Essay sample library > An Account of Racial Inequality in Langston Hughes' Freedom Train

An Account of Racial Inequality in Langston Hughes' Freedom Train

2023-08-02 05:24:56

Langston Hughes' explanation of racial inequality in free train 'free train' is a powerful and eye-catching explanation of racial inequality in the early 20th century. Hughes is full of irony and I expect it in the future. This clever eye of this so-called "free" train is a powerful image. Langston Hughes contains important ideas in a simple and original way.
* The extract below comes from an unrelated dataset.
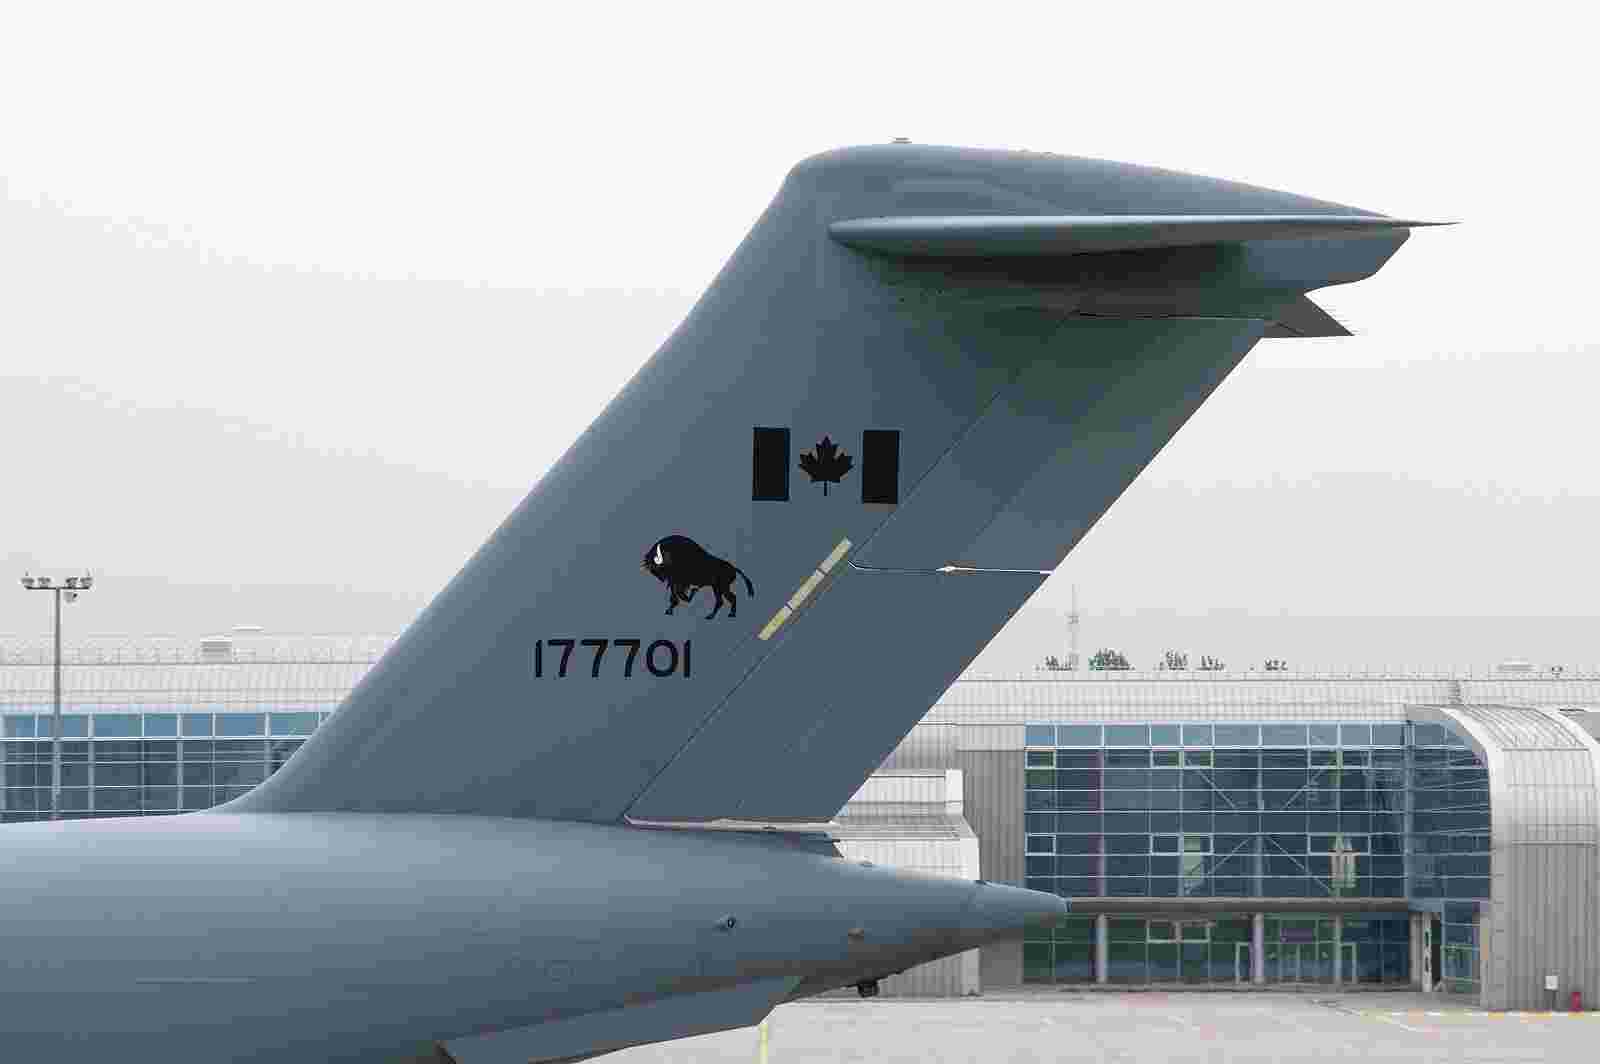 Бізон, провінція Манітоба та літак CC-177. Що їх об’єднує ?
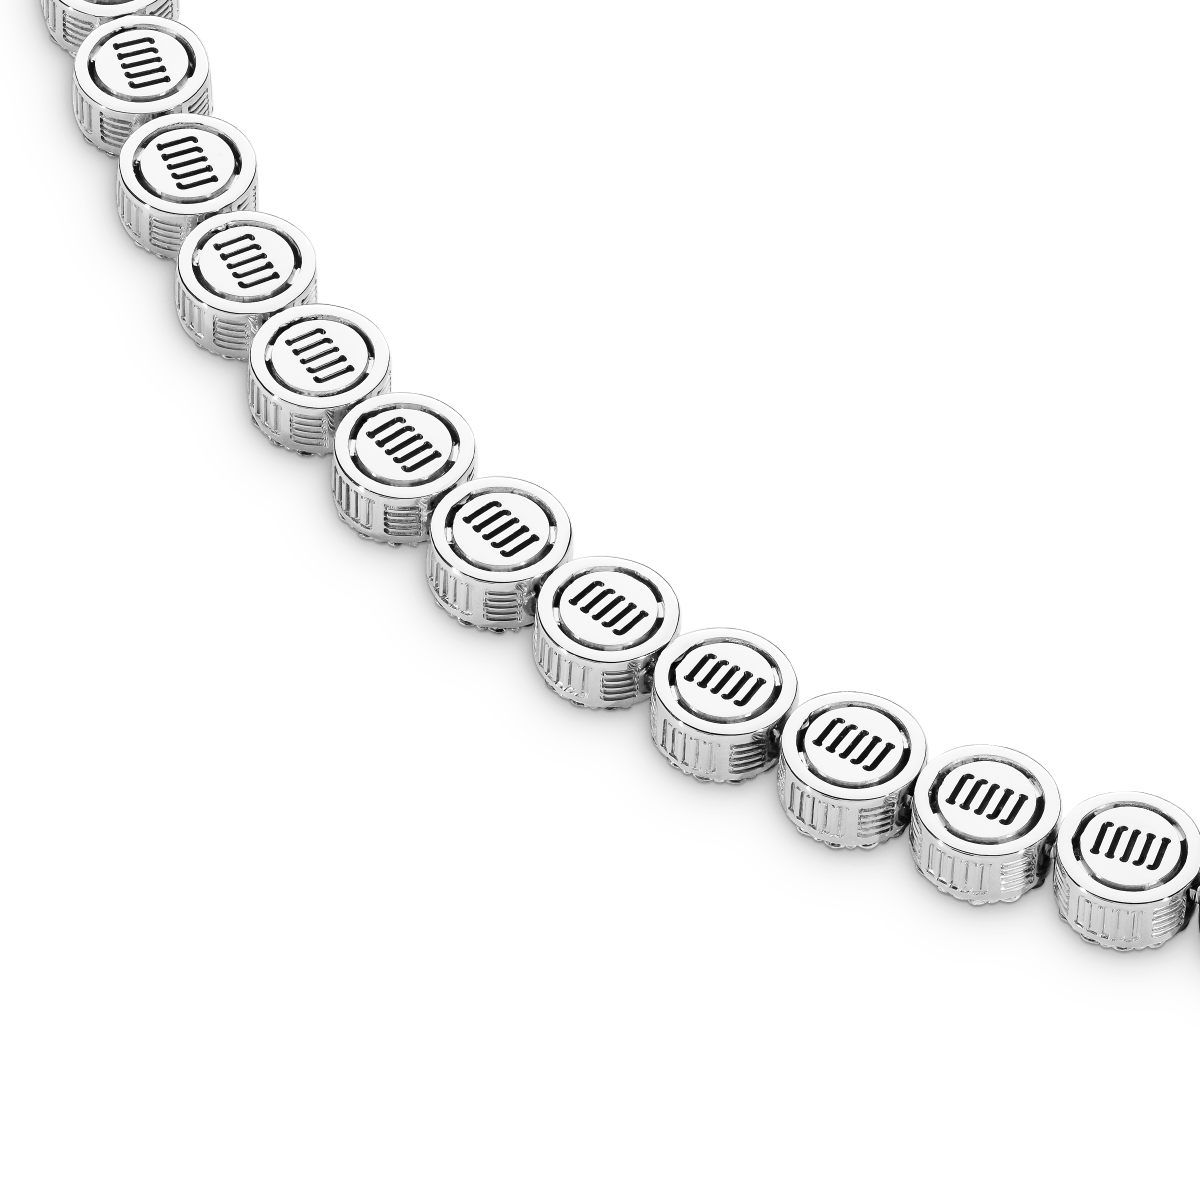 DNA Round Chain

Hughes wrote at the peak of the Harlem Renaissance and his focus remains on the problems confronted by African Americans, but he does not address injustice in detail.

Langston Hughes is a great African-American poet, social activist, novelist, playwright, and columnist ("Lanceston Hughes"). When he was young, he grew up in an era of racial inequality. Therefore, his poem often shares the theme of hope repeated, removes racial inequality, and strives for a better future. This theme is very obvious in Langston Hughes' poetry 'dream' and 'my dream world'. This common theme is the result of the era when the fuse grew. James Langston

Langston Hughes' explanation of racial inequality in free train 'free train' is a powerful and eye-catching explanation of racial inequality in the early 20th century. Hughes is full of irony and I expect it in the future. This clever eye of this so-called "free" train is a powerful image. Langston Hughes contains important ideas in a simple and original way. Hughes wrote at the peak of the Harlem Renaissance and his focus remains on the problems confronted by African Americans, but he does not address injustice in detail.
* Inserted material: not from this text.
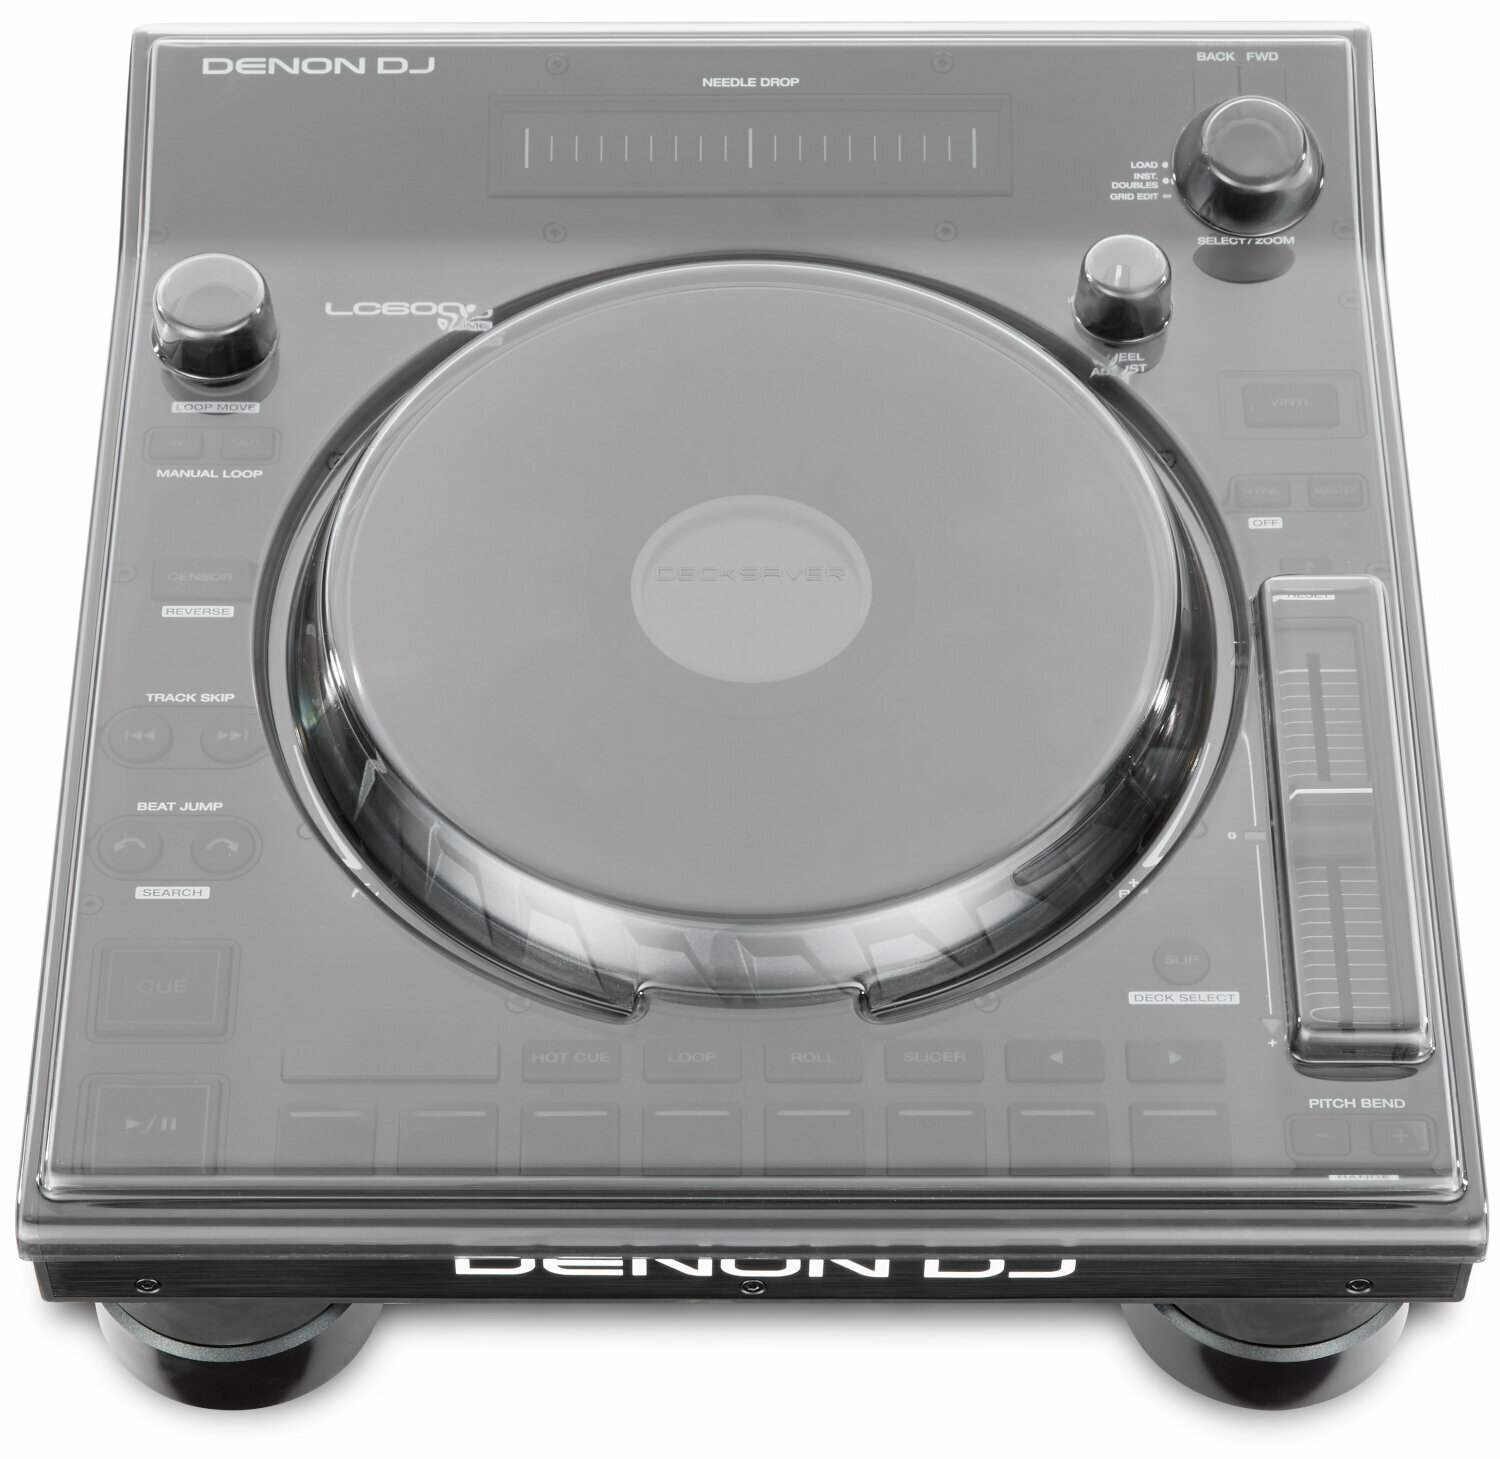 Couvercle de protection pour lecteur DJ
 Decksaver Denon DJ LC6000 Prime

LANGSTON HUGHES James Mercer Langston Hughes is most commonly known as Langston Hughes. In the 1920s he was an African-American writer, but at that time it was very difficult for racial discrimination. He is known for his influential character in the Harlem Renaissance of the 1920s. Langston Hughes spent his childhood but overcome his fight and became a renowned poet of Renaissance. Langston Hughes was born February 1, 1902.
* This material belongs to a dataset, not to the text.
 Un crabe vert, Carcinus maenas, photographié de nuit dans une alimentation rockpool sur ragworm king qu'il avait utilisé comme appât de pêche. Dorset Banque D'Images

Langston Hughes was born in Joplin, Missouri, the second child of school teachers Caroline Mercer Langston and James Nathaniel Hughes (1871 - 1934). Langston Hughes grew up in a series of small towns in the Midwest. Hughes' father left his family shortly after the birth of a boy, then divorced him. Senior Hughes visited Cuba and then visited Mexico to remove permanent racial discrimination to the United States. After living separately, the mother went to look for work, and the young Langston Hughes grew up in Lawrence, Kansas by his grandmother, Mary Paterson Langston. Through the verbal tradition of African Americans and the behavioralism of her generation Mary Langston planted a permanent sense of racial proud in her grandchildren. In most cases, he lives in Lawrence. In his 1940 autobiography "The Sea" he wrote as follows: "I have been unhappy for the first time and I live with my grandmother.